◆ **Stored data**:
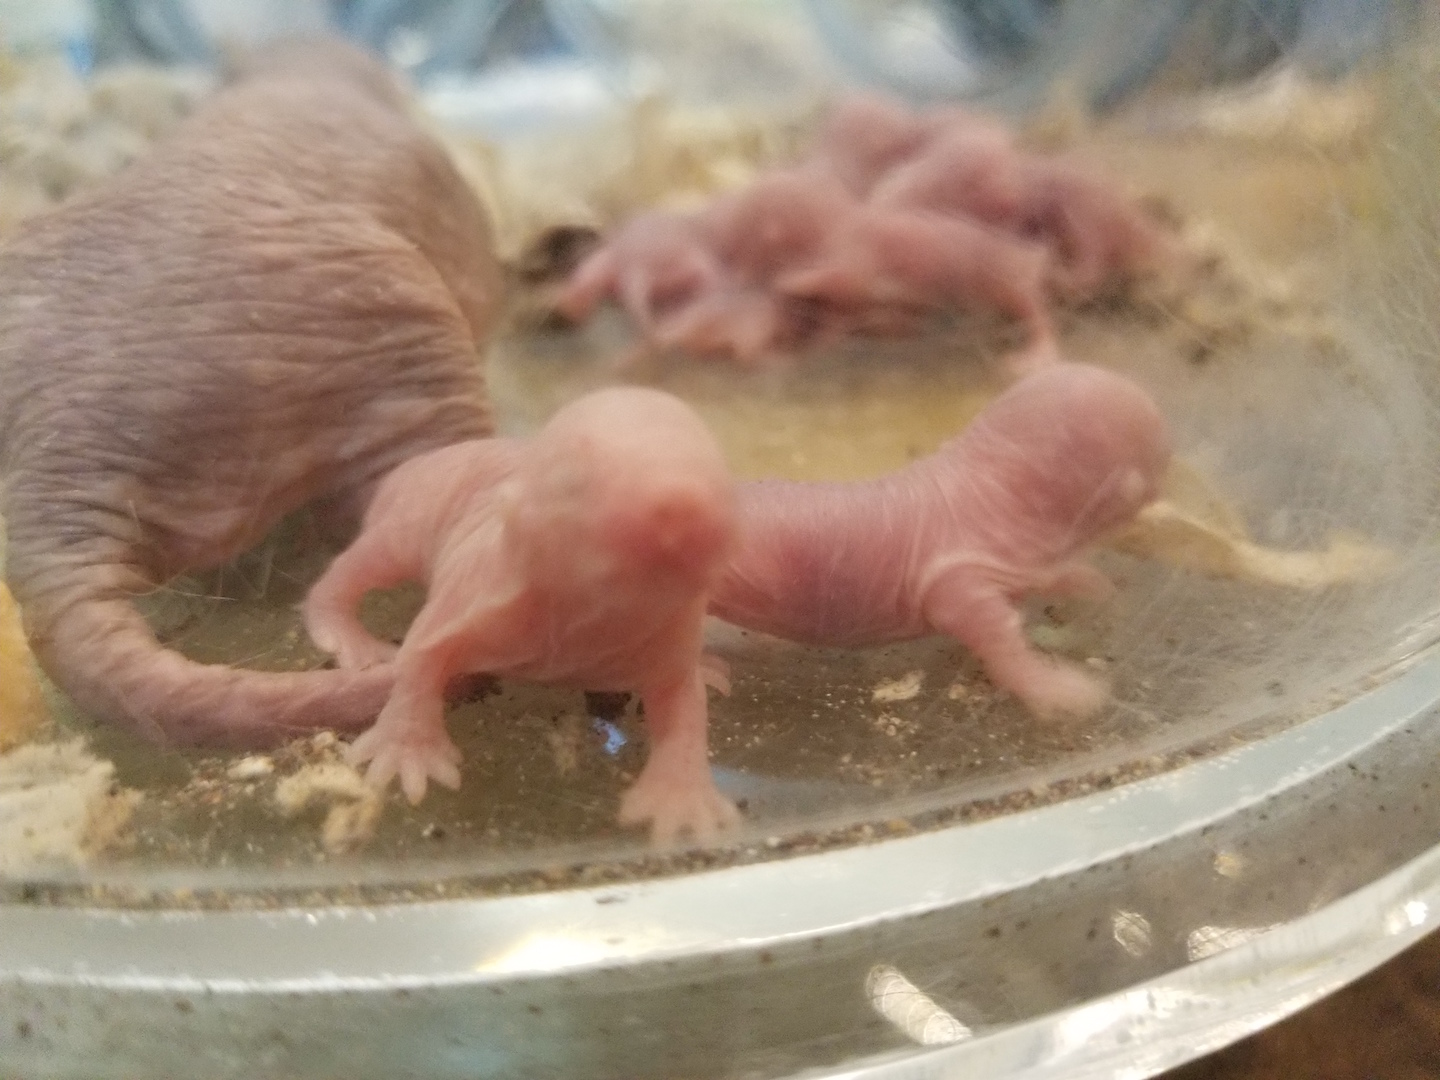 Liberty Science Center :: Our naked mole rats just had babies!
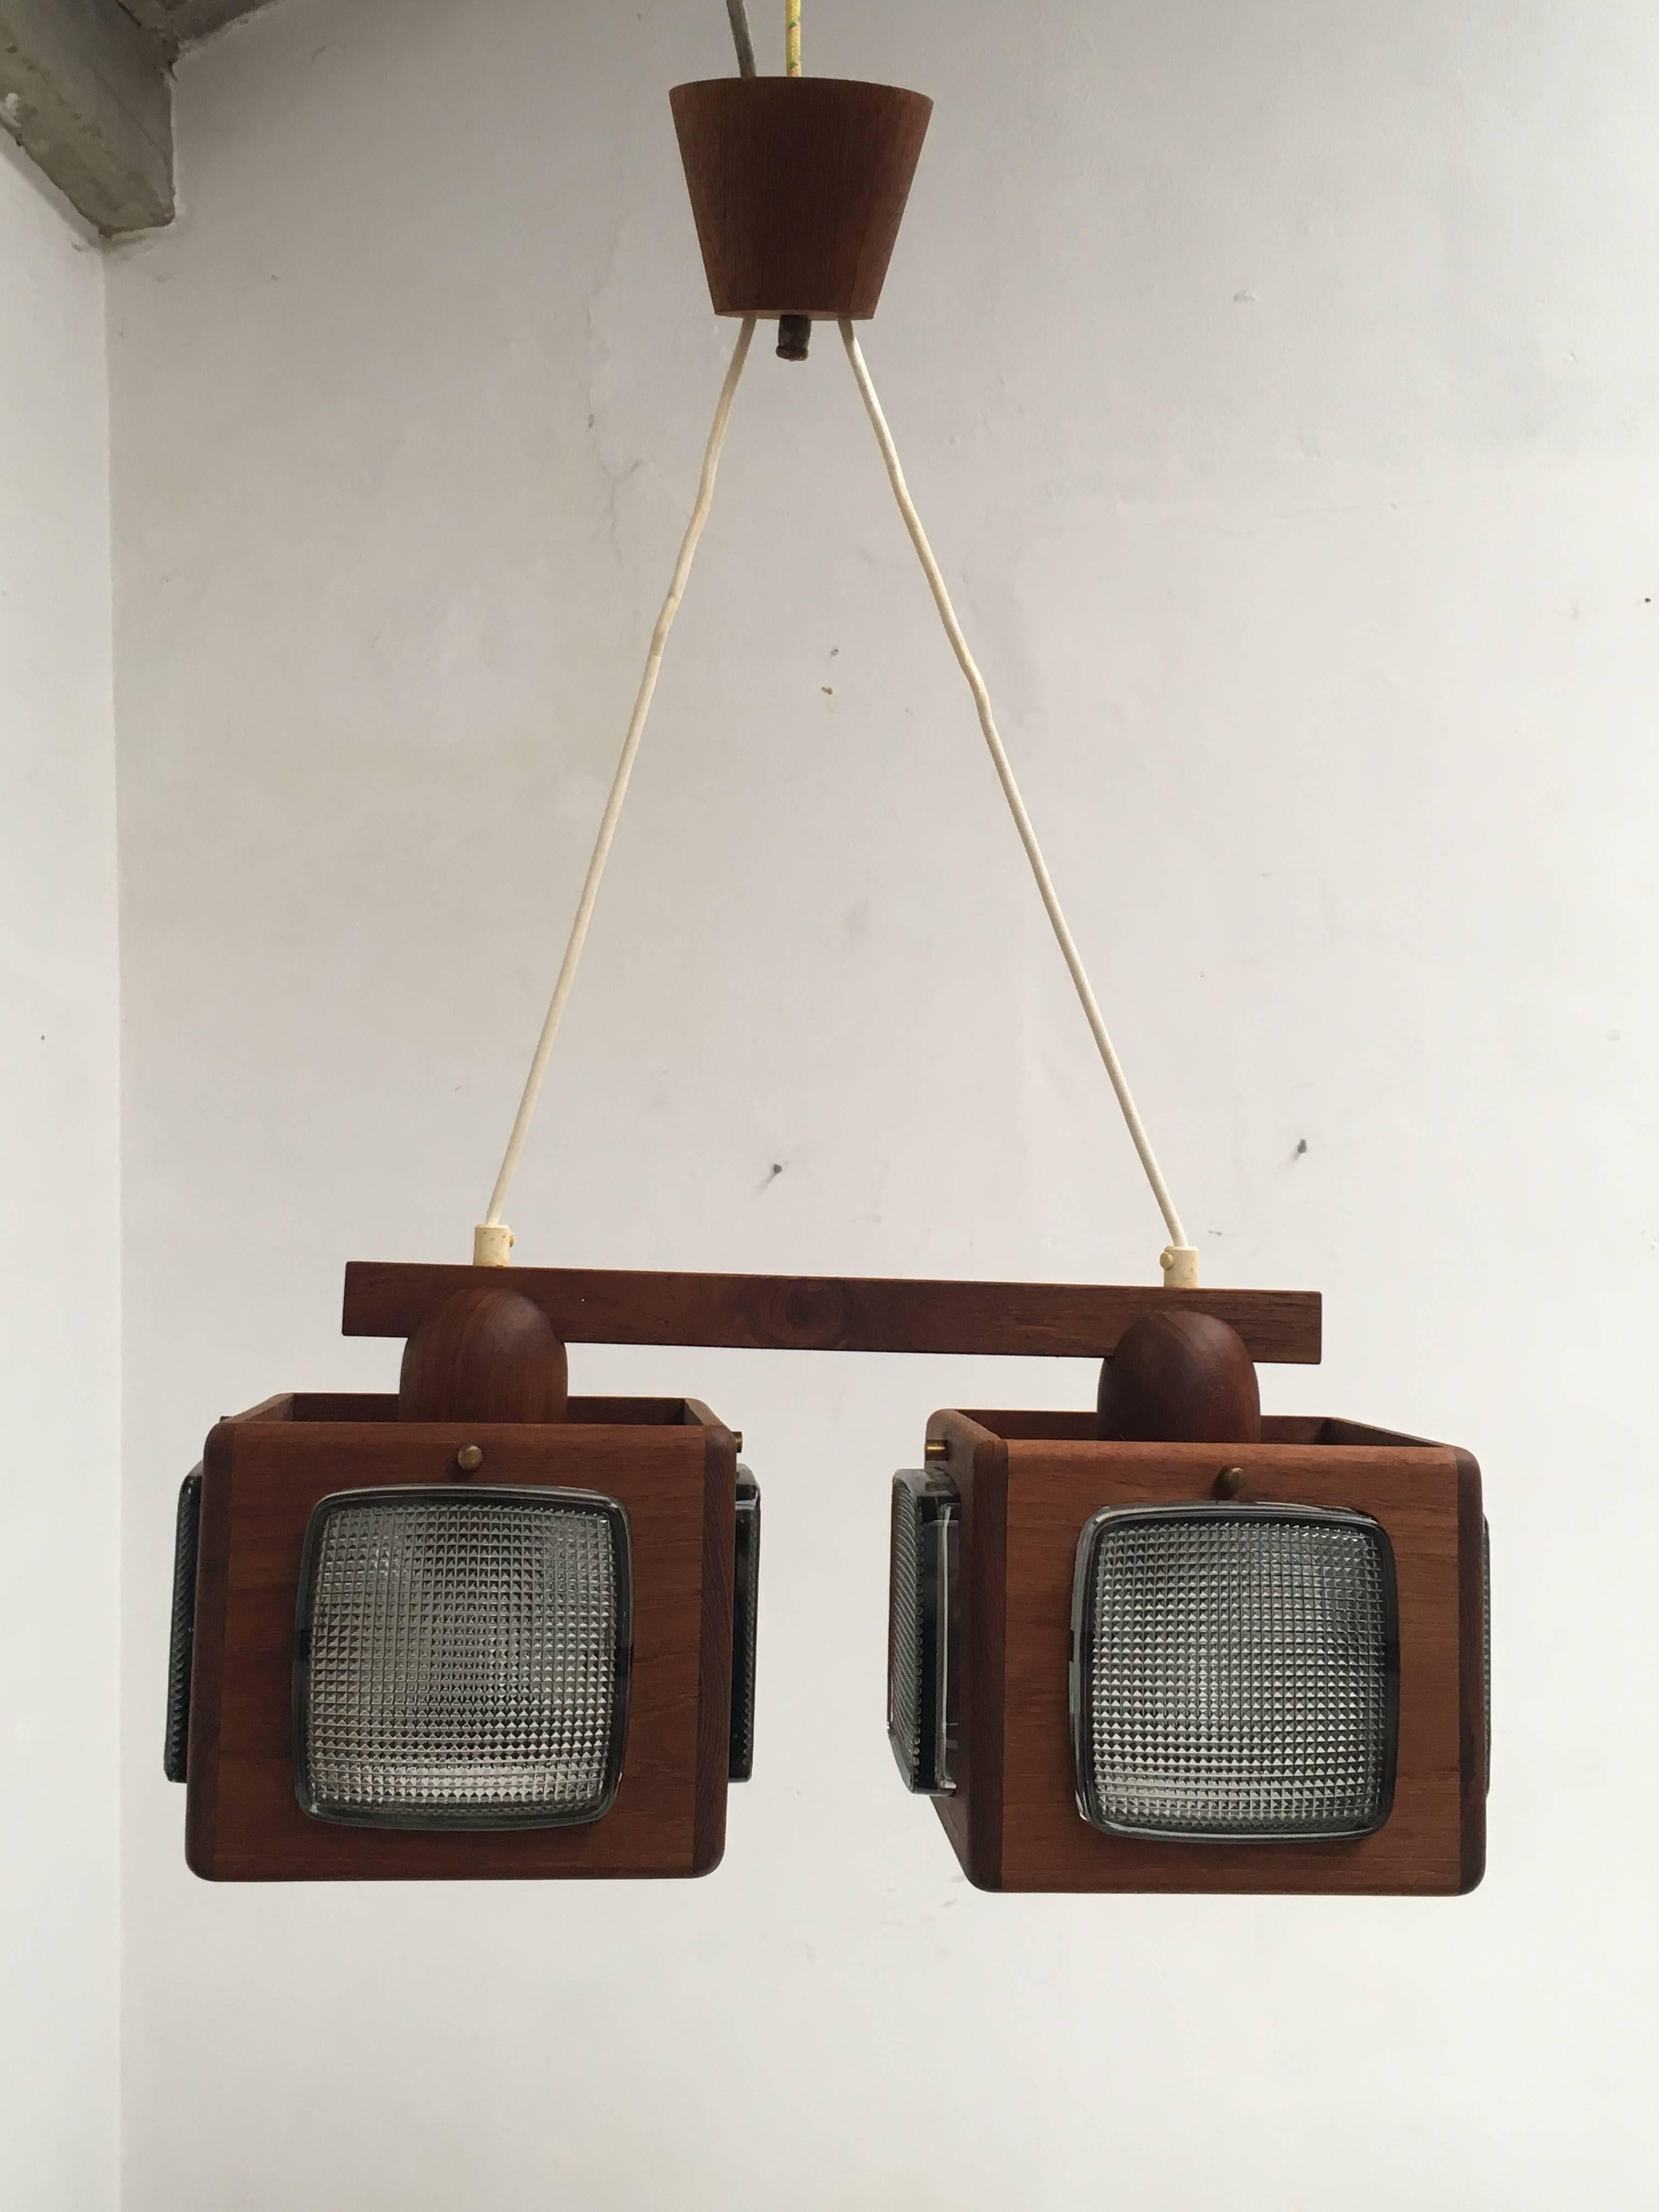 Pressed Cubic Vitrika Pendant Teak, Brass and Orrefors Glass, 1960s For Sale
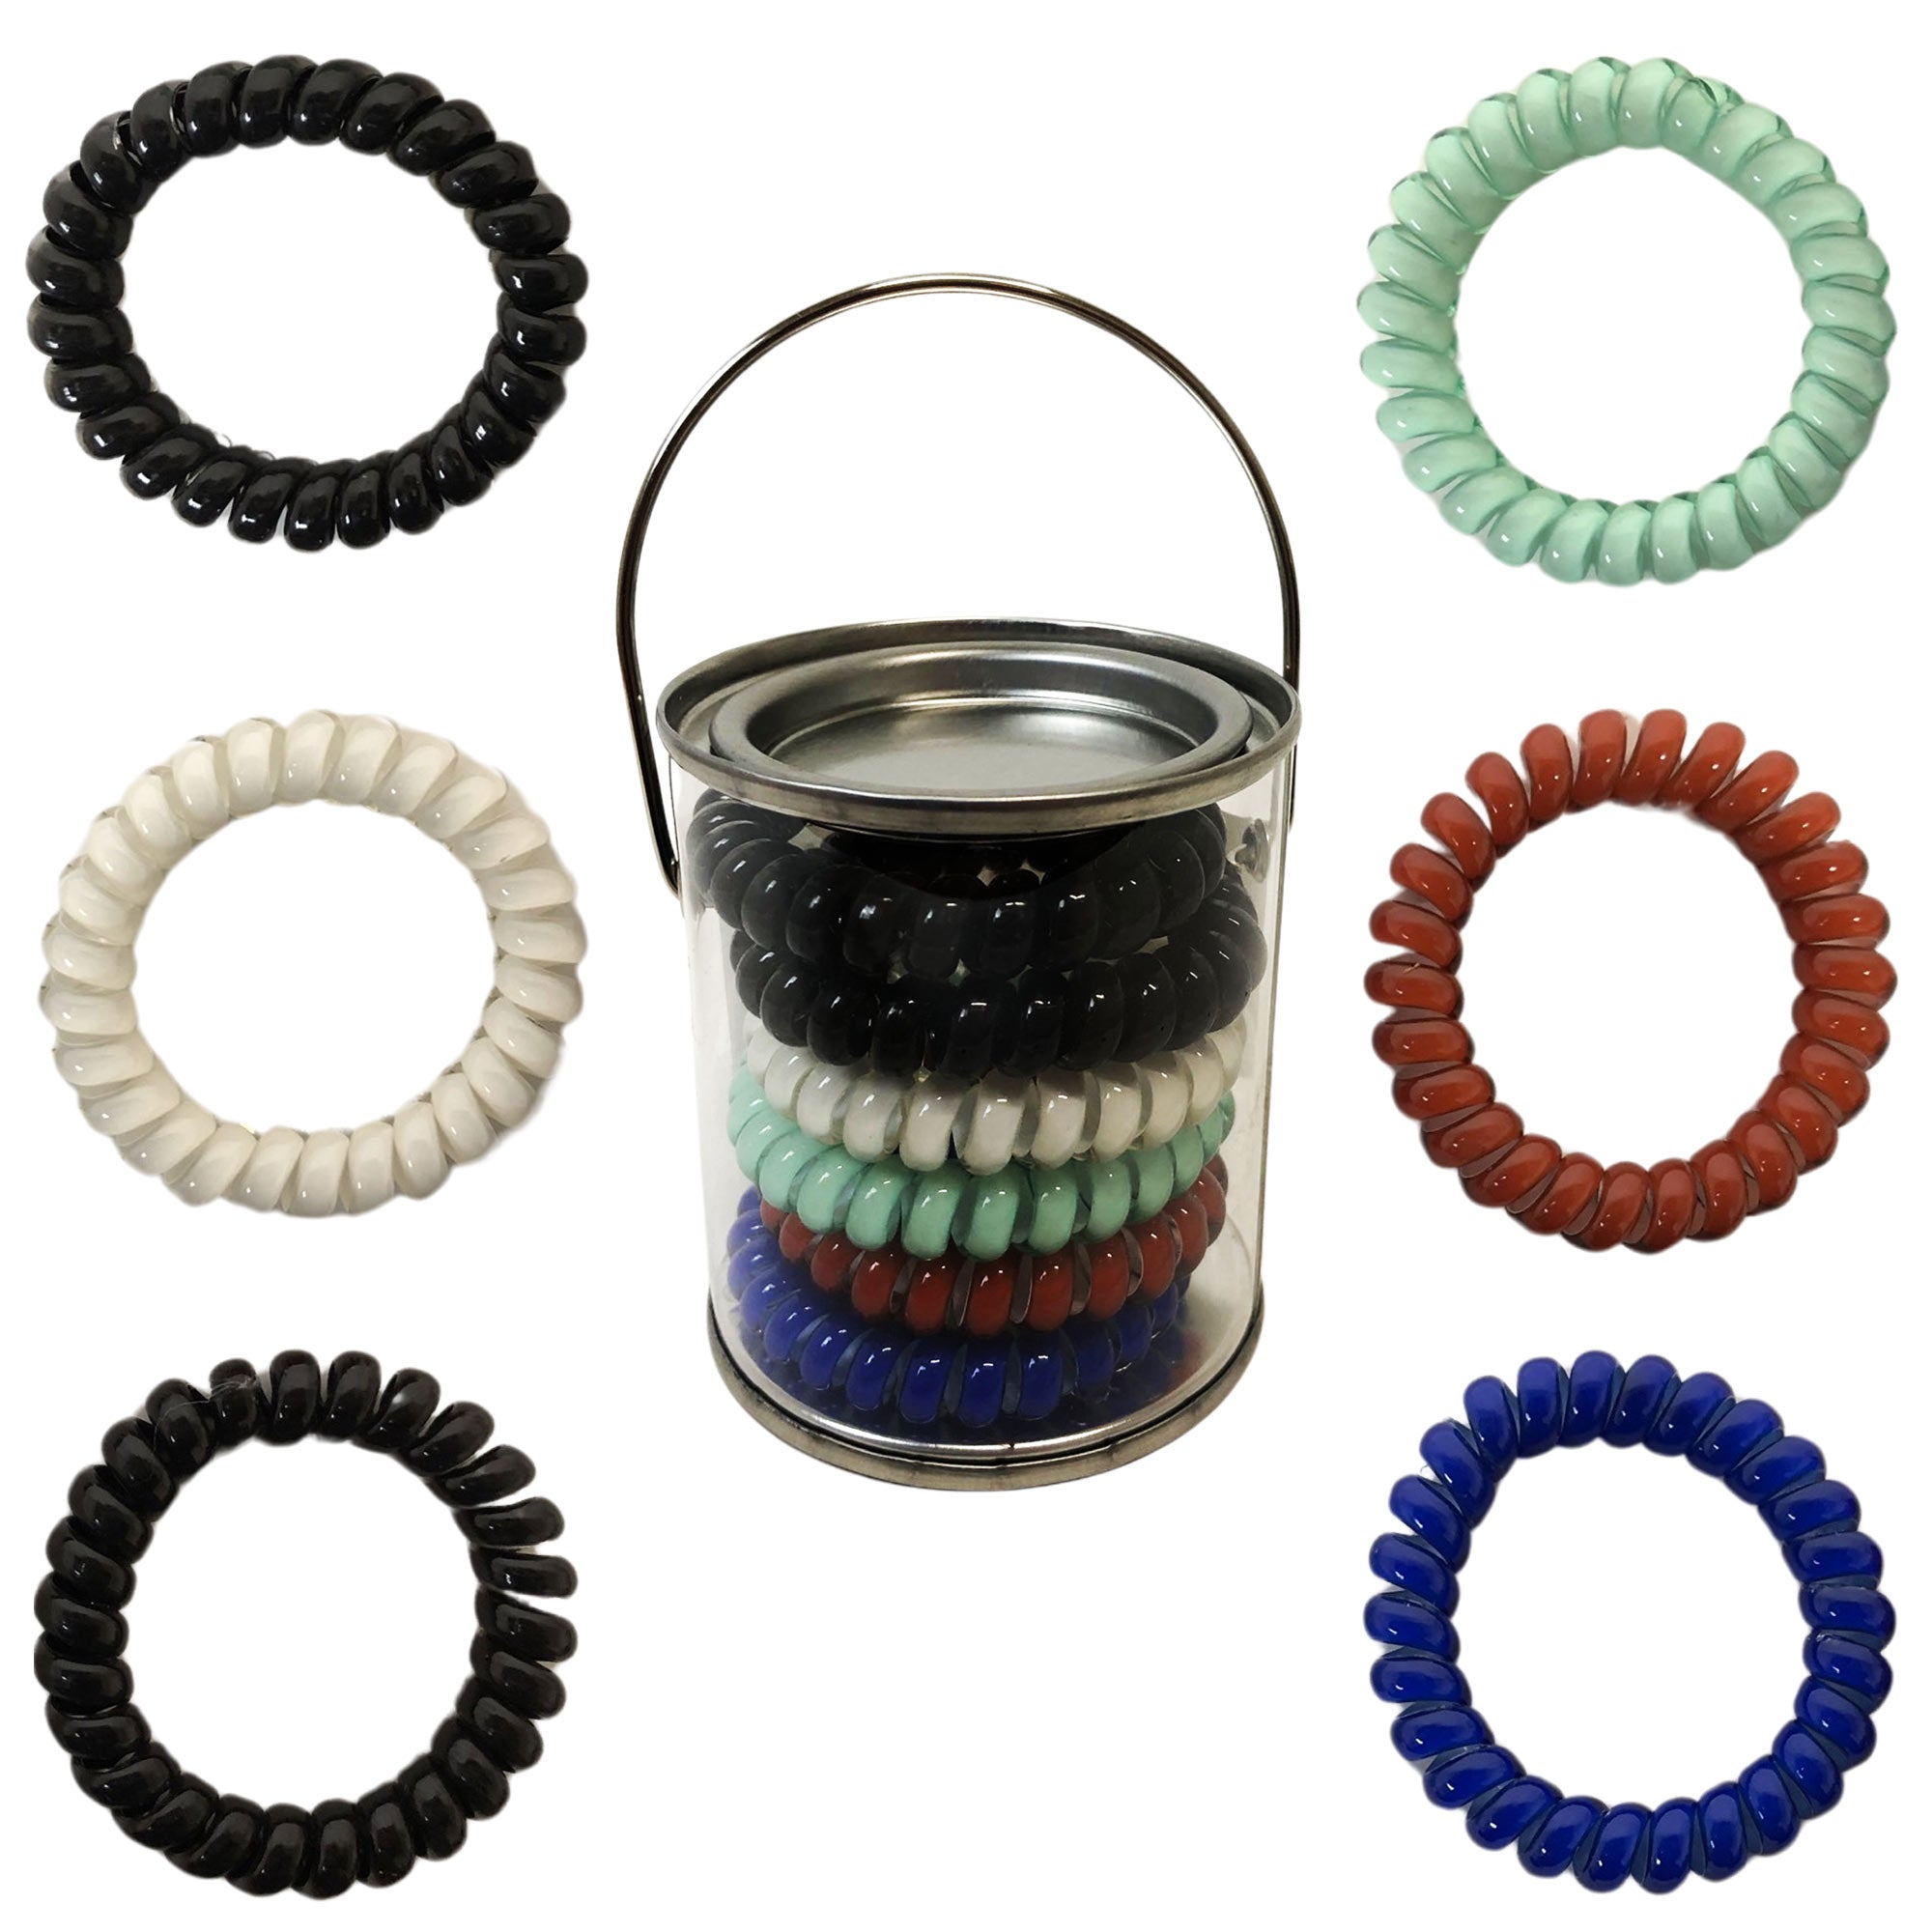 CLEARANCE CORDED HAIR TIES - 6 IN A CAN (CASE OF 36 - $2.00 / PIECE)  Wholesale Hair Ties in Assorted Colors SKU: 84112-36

◆ **Work to be completed**:
Reproduce the material exactly; keep pictures out.

◆ **Written reply**:
 Liberty Science Center :: Our naked mole rats just had babies!
 Pressed Cubic Vitrika Pendant Teak, Brass and Orrefors Glass, 1960s For Sale
 CLEARANCE CORDED HAIR TIES - 6 IN A CAN (CASE OF 36 - $2.00 / PIECE)  Wholesale Hair Ties in Assorted Colors SKU: 84112-36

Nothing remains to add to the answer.